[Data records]
====================

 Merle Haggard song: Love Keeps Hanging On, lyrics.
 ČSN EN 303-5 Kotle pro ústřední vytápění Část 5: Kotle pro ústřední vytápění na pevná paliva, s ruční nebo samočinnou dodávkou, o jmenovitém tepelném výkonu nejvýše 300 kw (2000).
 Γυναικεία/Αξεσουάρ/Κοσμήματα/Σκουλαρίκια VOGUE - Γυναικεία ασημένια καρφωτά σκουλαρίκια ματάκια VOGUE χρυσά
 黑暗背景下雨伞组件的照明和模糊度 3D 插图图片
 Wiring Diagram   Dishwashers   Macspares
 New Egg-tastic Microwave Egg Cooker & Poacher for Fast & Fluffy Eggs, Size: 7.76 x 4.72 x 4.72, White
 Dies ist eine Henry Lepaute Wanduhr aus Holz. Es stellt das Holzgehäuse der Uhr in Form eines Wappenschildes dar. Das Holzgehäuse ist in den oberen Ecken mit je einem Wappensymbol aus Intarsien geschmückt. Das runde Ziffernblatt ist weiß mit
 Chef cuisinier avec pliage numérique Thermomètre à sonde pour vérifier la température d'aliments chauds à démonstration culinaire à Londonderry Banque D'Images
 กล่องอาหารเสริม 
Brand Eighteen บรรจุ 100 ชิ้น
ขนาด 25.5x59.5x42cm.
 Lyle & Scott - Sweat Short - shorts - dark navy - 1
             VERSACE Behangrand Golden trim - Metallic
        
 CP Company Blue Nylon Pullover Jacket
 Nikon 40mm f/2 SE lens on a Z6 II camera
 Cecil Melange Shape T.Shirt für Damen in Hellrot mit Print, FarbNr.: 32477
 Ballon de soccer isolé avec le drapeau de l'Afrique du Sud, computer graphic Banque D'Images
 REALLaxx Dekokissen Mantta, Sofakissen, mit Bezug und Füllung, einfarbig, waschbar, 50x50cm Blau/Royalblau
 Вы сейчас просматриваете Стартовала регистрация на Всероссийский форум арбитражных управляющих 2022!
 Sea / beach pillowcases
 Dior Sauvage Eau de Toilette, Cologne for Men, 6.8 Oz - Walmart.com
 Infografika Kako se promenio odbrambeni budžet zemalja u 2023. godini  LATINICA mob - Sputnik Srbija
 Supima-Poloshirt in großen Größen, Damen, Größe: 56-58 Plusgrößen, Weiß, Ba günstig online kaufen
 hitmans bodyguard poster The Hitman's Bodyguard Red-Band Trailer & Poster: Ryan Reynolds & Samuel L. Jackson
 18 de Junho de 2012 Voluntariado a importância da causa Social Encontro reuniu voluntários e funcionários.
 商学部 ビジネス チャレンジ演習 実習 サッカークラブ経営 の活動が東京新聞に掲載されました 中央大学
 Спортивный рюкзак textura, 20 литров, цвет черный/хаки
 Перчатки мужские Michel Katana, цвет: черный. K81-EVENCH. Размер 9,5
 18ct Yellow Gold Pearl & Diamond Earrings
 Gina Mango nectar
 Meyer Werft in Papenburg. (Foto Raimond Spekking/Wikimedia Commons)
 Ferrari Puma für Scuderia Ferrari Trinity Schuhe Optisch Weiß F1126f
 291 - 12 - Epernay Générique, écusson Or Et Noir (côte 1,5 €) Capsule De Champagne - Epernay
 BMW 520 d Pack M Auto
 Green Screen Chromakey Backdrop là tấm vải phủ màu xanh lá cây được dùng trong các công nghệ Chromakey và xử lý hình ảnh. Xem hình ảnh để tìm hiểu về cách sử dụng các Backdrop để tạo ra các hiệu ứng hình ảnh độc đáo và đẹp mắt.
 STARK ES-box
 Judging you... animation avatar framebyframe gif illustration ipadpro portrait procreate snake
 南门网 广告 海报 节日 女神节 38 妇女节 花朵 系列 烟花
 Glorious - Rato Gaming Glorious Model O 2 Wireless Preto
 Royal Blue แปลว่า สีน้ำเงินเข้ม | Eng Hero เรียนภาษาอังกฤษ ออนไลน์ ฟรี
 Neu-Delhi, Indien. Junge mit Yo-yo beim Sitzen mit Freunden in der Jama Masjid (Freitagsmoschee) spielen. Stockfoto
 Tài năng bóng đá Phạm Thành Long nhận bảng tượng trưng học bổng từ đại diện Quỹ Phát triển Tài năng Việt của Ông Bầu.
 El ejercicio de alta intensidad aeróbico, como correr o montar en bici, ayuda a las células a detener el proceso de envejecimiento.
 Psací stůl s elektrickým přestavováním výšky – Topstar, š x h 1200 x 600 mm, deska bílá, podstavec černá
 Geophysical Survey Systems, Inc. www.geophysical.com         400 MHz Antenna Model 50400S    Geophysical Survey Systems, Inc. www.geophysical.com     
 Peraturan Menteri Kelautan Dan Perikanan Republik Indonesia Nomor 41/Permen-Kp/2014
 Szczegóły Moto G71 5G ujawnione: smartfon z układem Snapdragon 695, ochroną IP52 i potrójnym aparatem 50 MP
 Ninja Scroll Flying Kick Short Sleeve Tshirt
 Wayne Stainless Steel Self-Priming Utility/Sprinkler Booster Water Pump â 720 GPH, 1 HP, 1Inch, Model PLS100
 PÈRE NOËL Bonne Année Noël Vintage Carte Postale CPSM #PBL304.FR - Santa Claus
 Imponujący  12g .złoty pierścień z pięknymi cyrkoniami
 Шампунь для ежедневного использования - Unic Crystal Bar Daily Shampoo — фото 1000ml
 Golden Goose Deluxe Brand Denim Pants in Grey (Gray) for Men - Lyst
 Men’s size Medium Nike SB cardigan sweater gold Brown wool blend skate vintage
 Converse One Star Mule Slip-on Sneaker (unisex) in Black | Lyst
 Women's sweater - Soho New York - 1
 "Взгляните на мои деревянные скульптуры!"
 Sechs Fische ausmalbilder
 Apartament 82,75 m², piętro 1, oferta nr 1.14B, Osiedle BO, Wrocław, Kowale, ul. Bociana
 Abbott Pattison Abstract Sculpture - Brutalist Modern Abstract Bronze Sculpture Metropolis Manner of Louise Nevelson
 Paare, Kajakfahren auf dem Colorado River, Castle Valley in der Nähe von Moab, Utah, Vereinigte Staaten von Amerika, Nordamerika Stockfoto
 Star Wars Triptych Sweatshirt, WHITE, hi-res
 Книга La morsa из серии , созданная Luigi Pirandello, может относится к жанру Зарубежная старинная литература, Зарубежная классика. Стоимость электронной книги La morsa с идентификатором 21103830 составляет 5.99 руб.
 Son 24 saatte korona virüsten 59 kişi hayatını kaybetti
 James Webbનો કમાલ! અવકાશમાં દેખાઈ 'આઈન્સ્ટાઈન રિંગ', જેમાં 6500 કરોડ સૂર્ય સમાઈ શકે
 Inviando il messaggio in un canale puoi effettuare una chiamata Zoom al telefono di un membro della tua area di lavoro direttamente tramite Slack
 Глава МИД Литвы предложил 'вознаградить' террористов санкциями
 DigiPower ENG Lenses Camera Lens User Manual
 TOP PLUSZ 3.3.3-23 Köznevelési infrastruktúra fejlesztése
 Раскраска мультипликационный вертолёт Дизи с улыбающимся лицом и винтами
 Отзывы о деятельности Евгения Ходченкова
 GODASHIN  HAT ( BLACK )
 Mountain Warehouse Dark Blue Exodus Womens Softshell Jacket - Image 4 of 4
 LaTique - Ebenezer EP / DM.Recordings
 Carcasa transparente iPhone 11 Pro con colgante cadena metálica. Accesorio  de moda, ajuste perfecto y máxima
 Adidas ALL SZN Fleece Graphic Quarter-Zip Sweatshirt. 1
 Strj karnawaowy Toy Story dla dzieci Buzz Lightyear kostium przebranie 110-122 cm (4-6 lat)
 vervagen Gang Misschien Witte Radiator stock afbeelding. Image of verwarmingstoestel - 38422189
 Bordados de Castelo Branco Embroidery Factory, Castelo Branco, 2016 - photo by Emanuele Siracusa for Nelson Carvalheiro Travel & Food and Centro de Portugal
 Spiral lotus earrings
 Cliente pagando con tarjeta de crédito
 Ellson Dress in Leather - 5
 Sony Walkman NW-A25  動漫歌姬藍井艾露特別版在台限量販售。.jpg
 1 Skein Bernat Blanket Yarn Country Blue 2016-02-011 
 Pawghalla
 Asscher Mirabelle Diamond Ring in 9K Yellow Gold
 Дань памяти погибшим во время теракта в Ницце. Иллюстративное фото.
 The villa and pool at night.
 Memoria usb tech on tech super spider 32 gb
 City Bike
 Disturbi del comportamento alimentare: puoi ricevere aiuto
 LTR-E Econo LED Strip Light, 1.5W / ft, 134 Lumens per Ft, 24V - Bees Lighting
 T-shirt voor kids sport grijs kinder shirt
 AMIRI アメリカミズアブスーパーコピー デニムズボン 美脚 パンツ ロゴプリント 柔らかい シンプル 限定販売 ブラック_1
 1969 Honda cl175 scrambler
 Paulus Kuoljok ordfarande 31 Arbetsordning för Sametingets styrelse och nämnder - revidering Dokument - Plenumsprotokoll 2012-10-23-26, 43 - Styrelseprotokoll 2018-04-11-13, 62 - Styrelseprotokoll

====================

Copy every line above in which the string "sweater" shows up.

TASK OUTPUT
 Men’s size Medium Nike SB cardigan sweater gold Brown wool blend skate vintage
 Women's sweater - Soho New York - 1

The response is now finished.